The Stone Store at Kerikeri in the Bay of Islands is New Zealand’s oldest surviving stone building.

Part of the second Church Missionary Society station in New Zealand, the store was designed by John Hobbs to replace an earlier wooden storehouse. The Stone Store was erected between 1832 and 1836 by a mason, William Parrott, a carpenter, Ben Nesbitt, and a team of Māori. Construction was of sandstone from Australia, local volcanic rocks, and burnt shell mortar. Iron ties and window bars were forged by James Kemp, though these corroded the sandstone. Initially the building had a wooden belfry on one side.
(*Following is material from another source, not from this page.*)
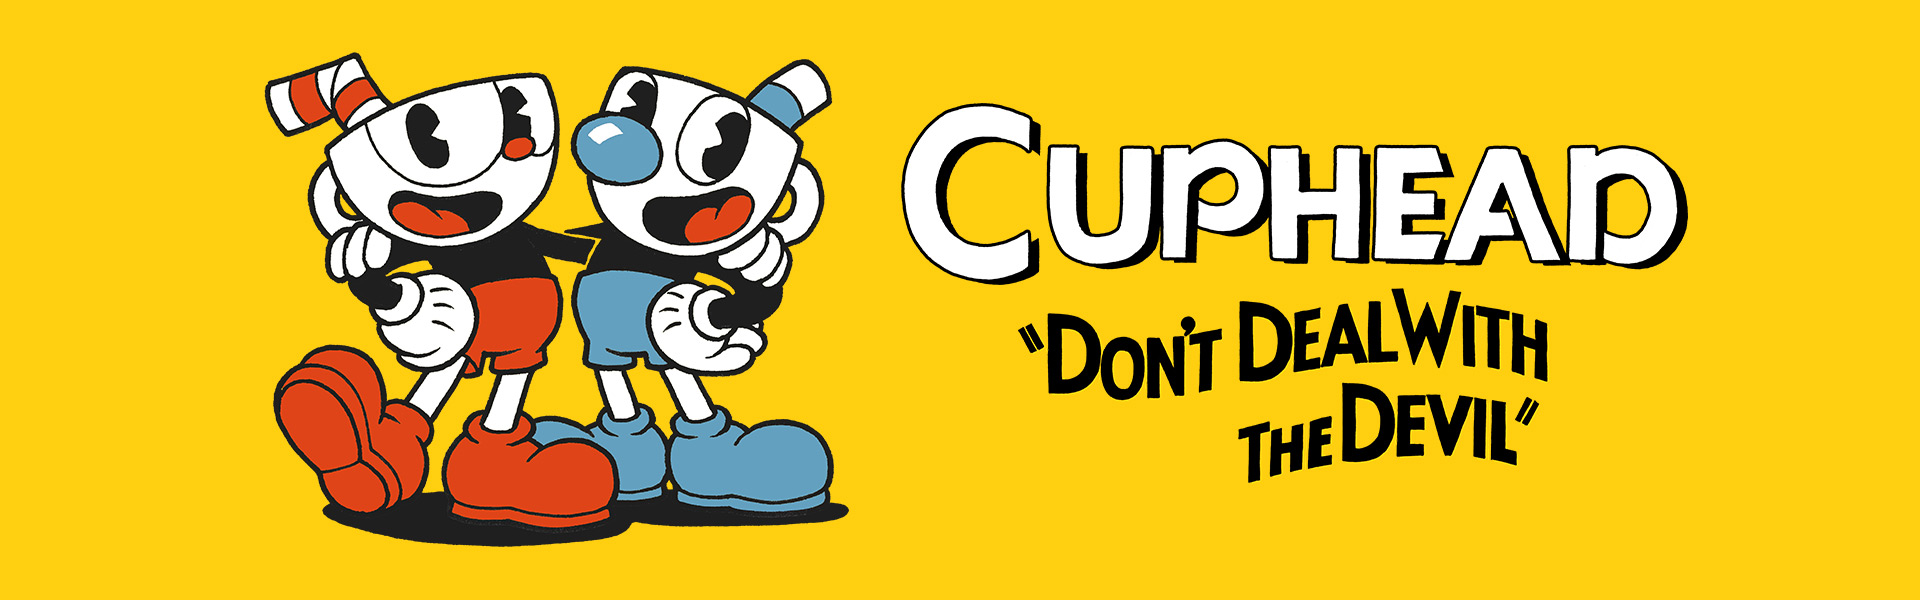 cuphead free download xbox one

The Stone Store was intended to be the base of the Church Missionary Society’s trading post, selling produce from the farms at the te Waimate mission to ships, and European goods to Māori. Marsden planned to build a flour mill on the adjacent Kerikeri River, but this was eventually built at te Waimate instead. Stone was used to protect wheat from rats, for defence against Māori and to reduce the risk of fire.  

By the mid-1830s, the mission stations could not compete with the private enterprise of other European settlers, either as traders or farmers, and the store was not profitable.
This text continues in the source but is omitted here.